Collection entries
-=-=-

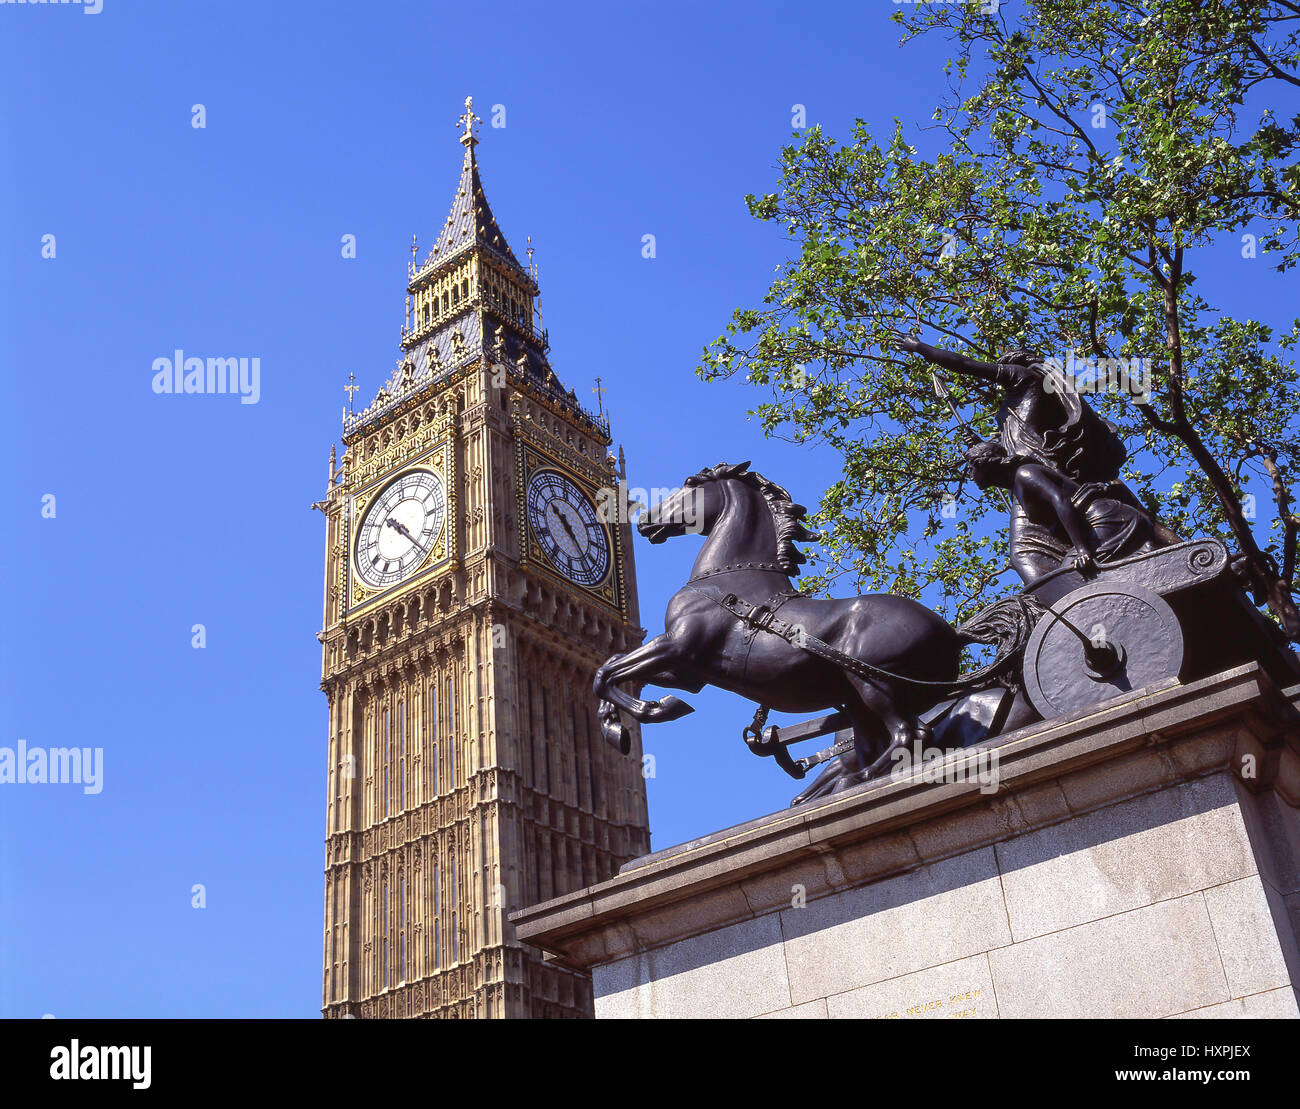 Big Ben tour de l'horloge et Statue de Boudicca Westminster Bridge, City of westminster, Greater London, Angleterre, Royaume-Uni Banque D'Images
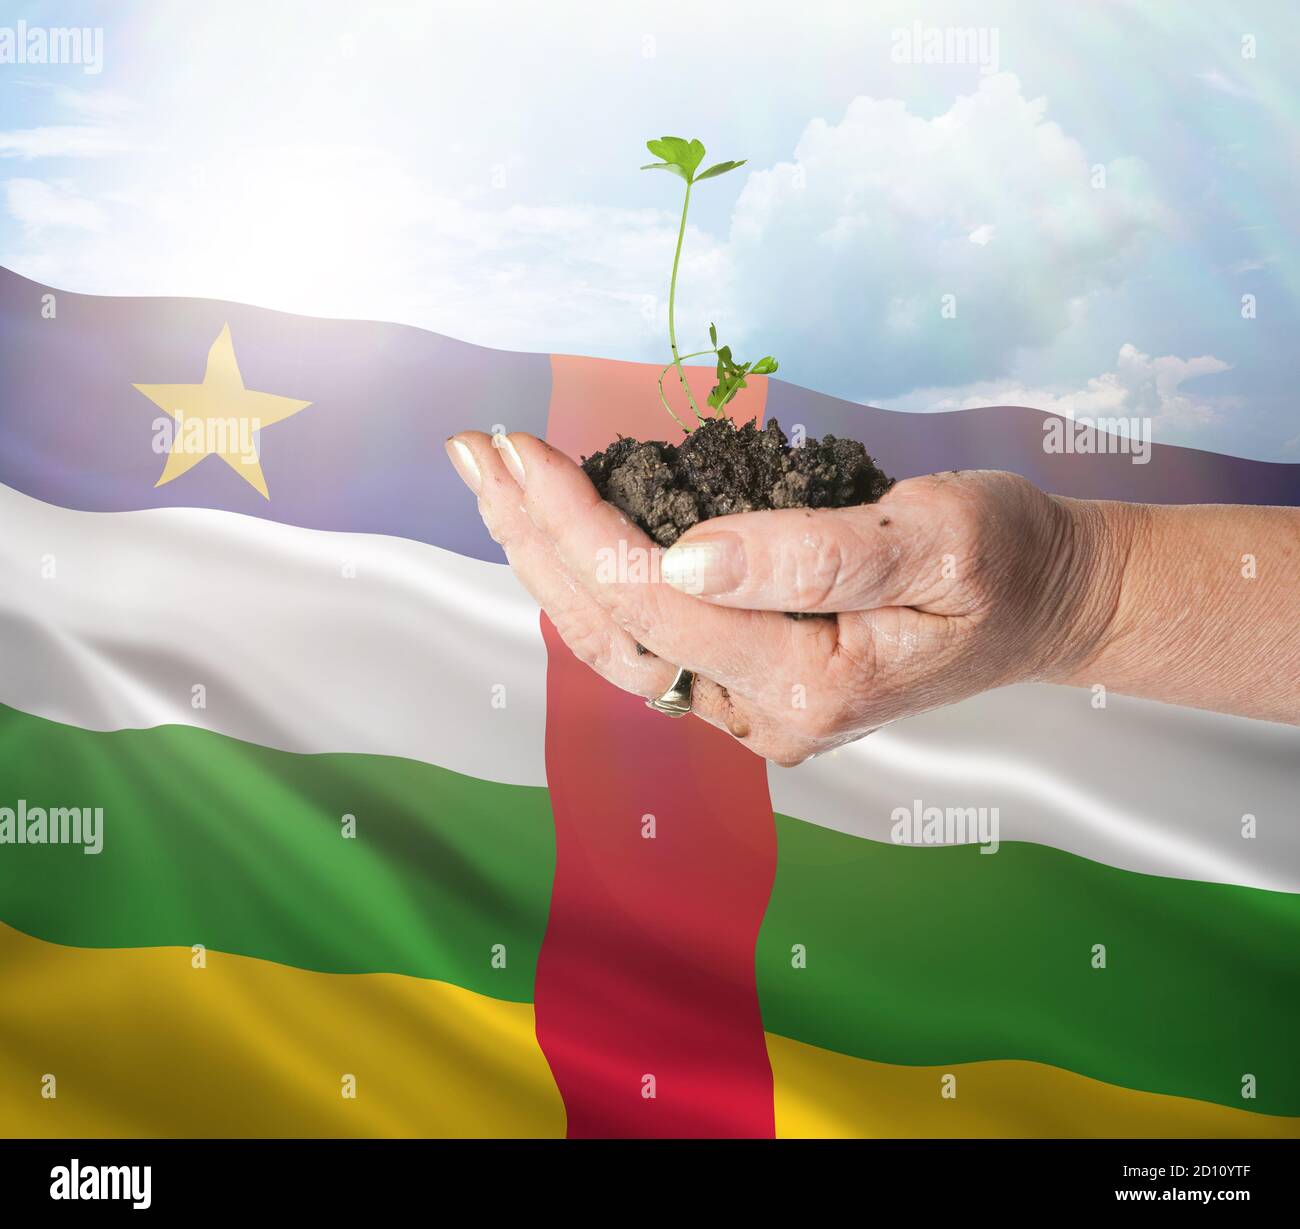 República Centroafricana crecimiento y nuevo comienzo. Concepto de energía renovable verde y ecología. Mano sosteniendo planta joven. Foto de stock
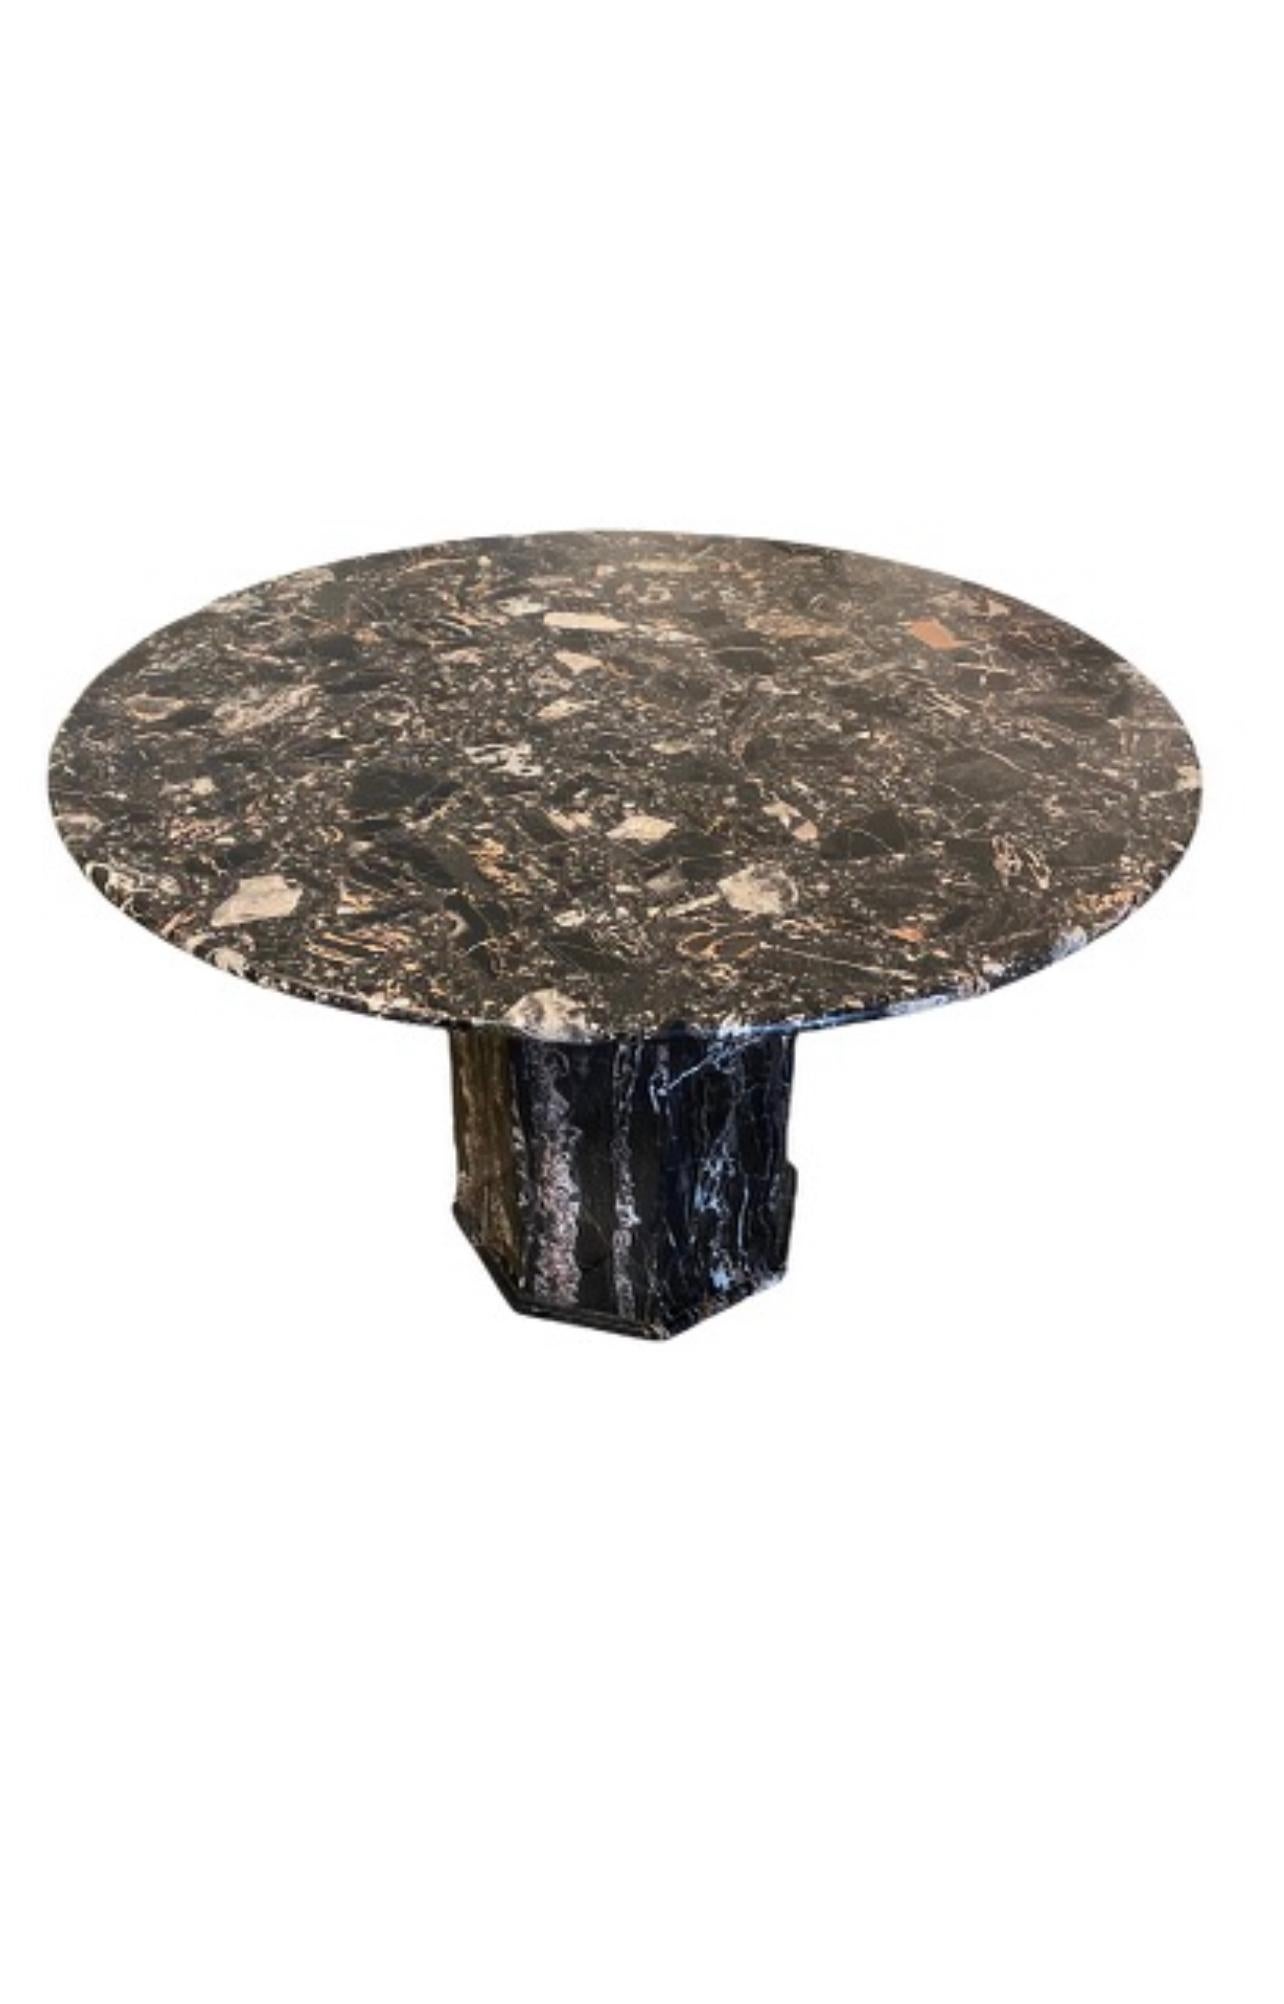 Une table centrale en marbre portoro 
Des nuances de noir, de blanc et de beige/rose. Magnifique mouvement et coloration de la pierre
La table a un aspect déco moderne.
La partie supérieure se sépare de la base pour faciliter le transport.
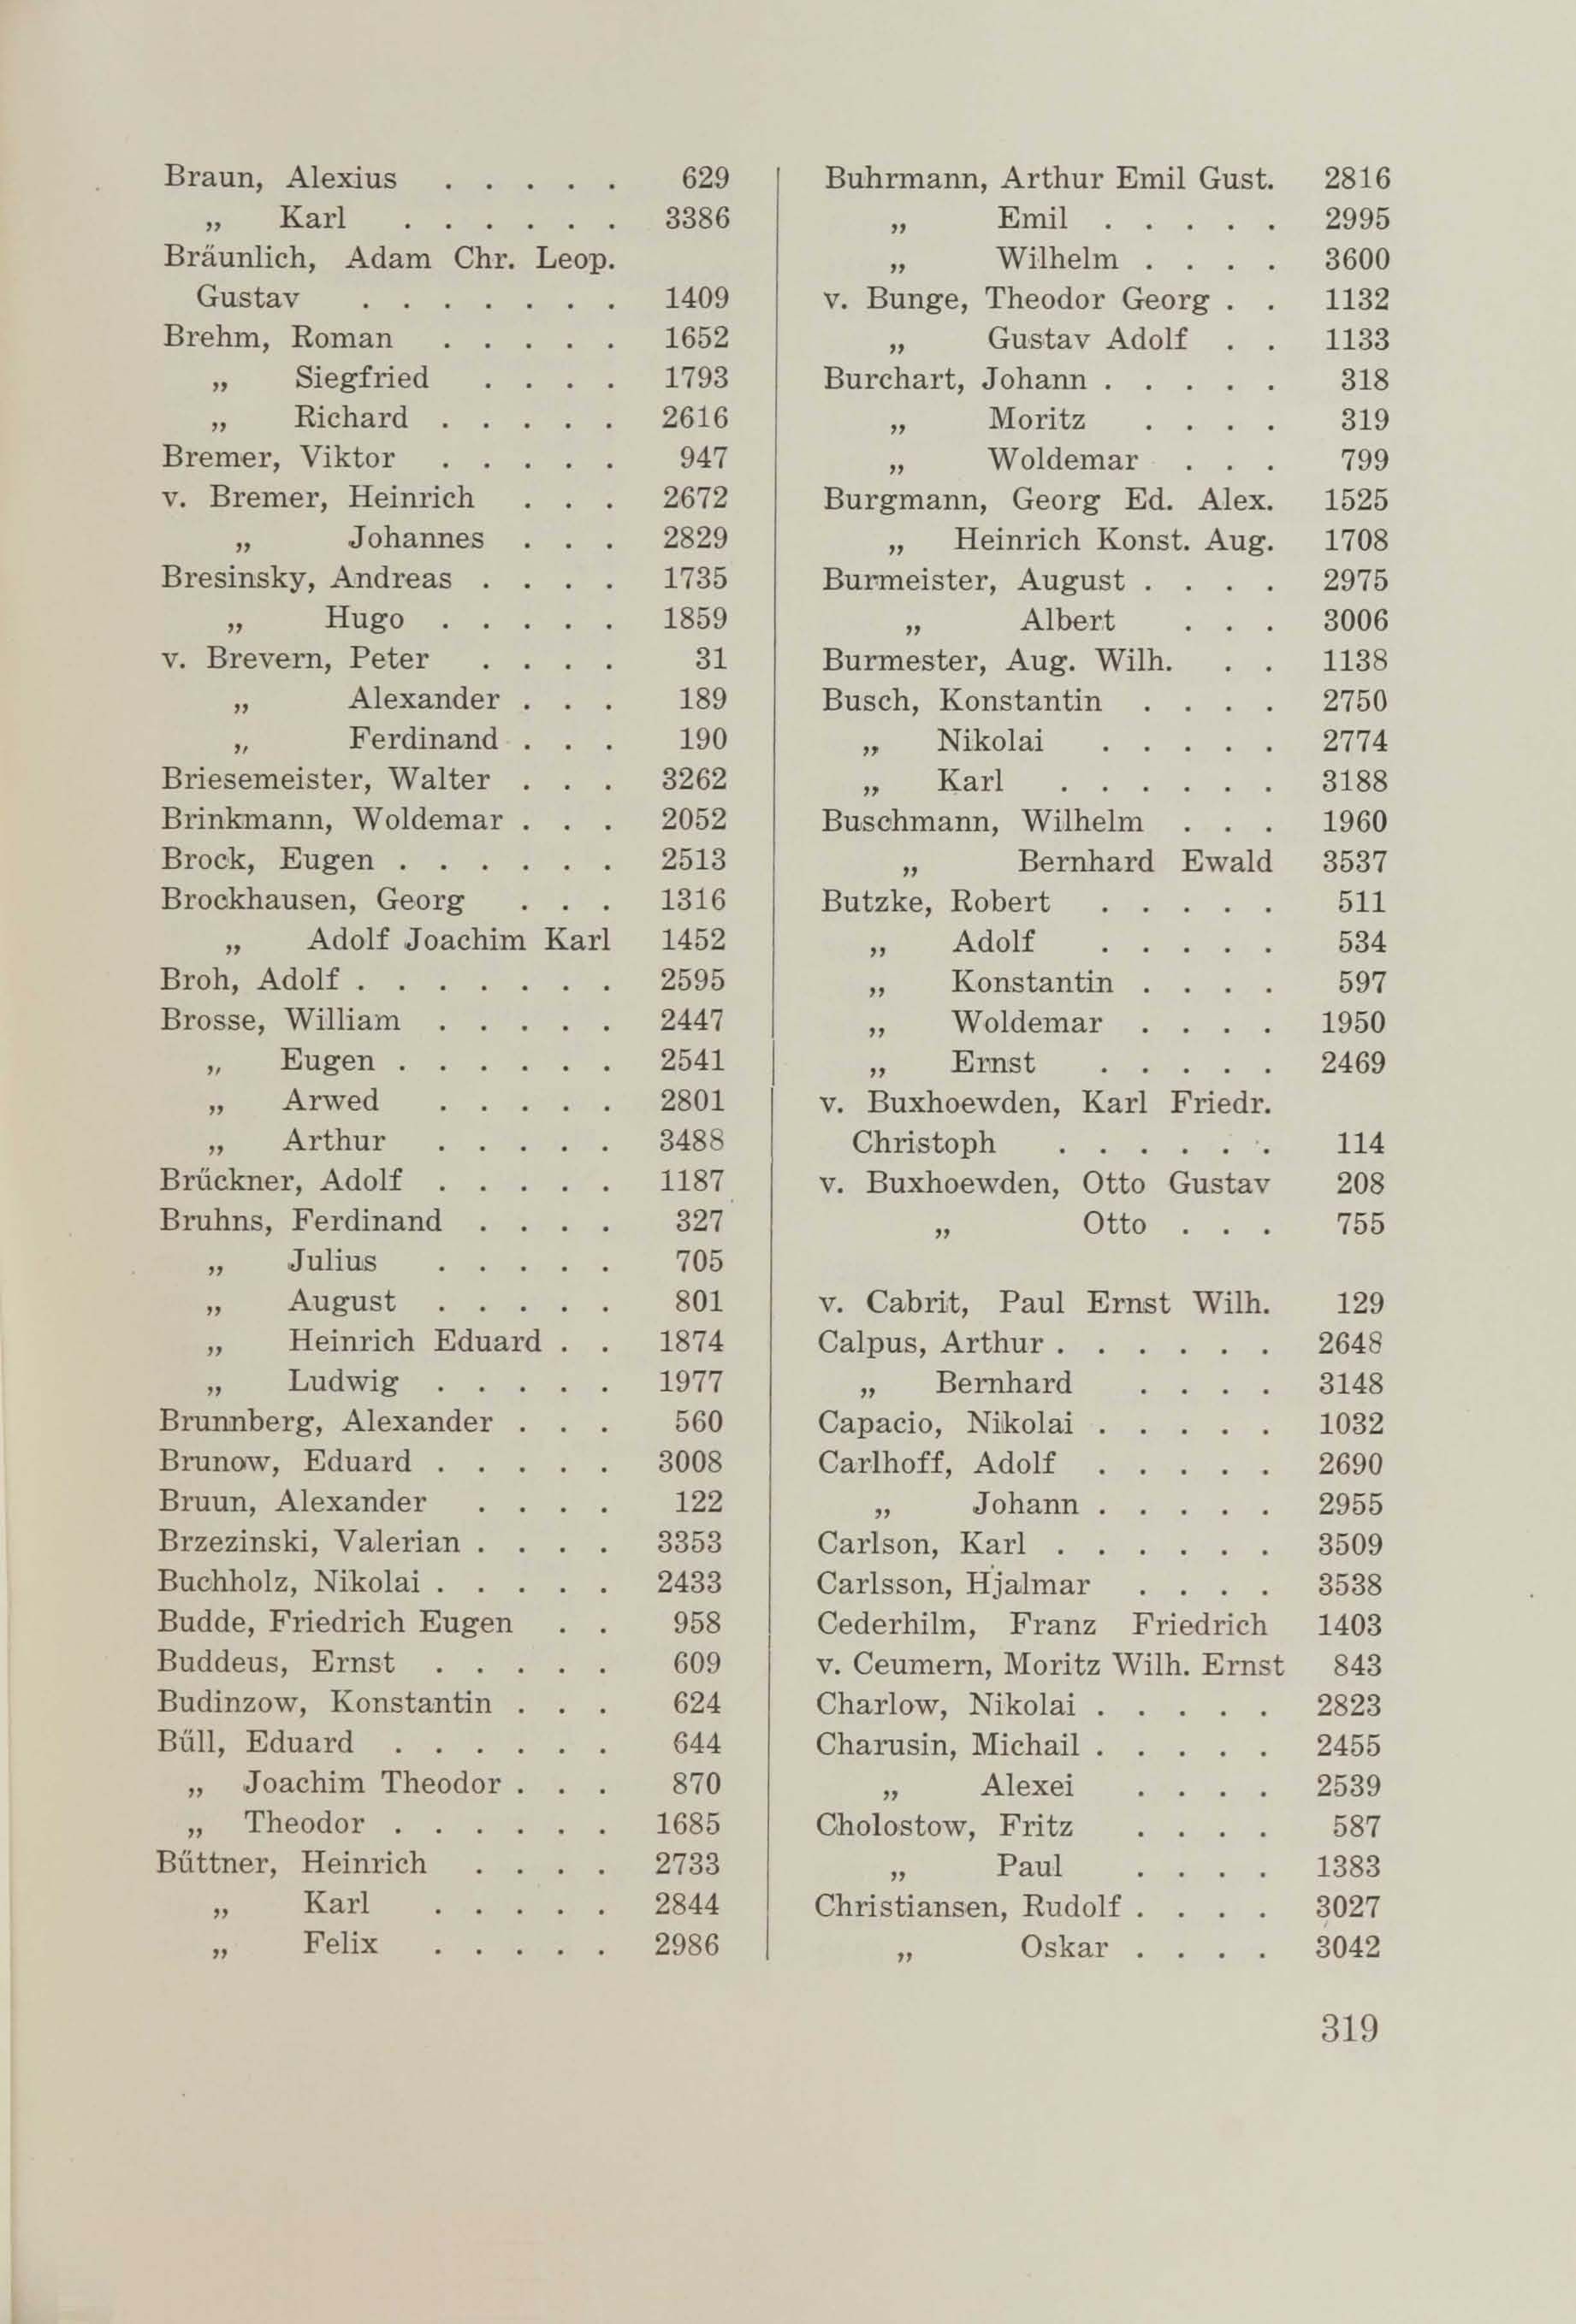 Schüler-Verzeichnis des Revalschen Gouvernements-Gymnasiums 1805–1890 (1931) | 329. (319) Main body of text

-=-=-

Take the line with "La table a un aspect déco moderne." and every line after it through the end of the data, and write only them out exactly, leaving out the pictures.

Response area:
La table a un aspect déco moderne.
La partie supérieure se sépare de la base pour faciliter le transport.
 Schüler-Verzeichnis des Revalschen Gouvernements-Gymnasiums 1805–1890 (1931) | 329. (319) Main body of text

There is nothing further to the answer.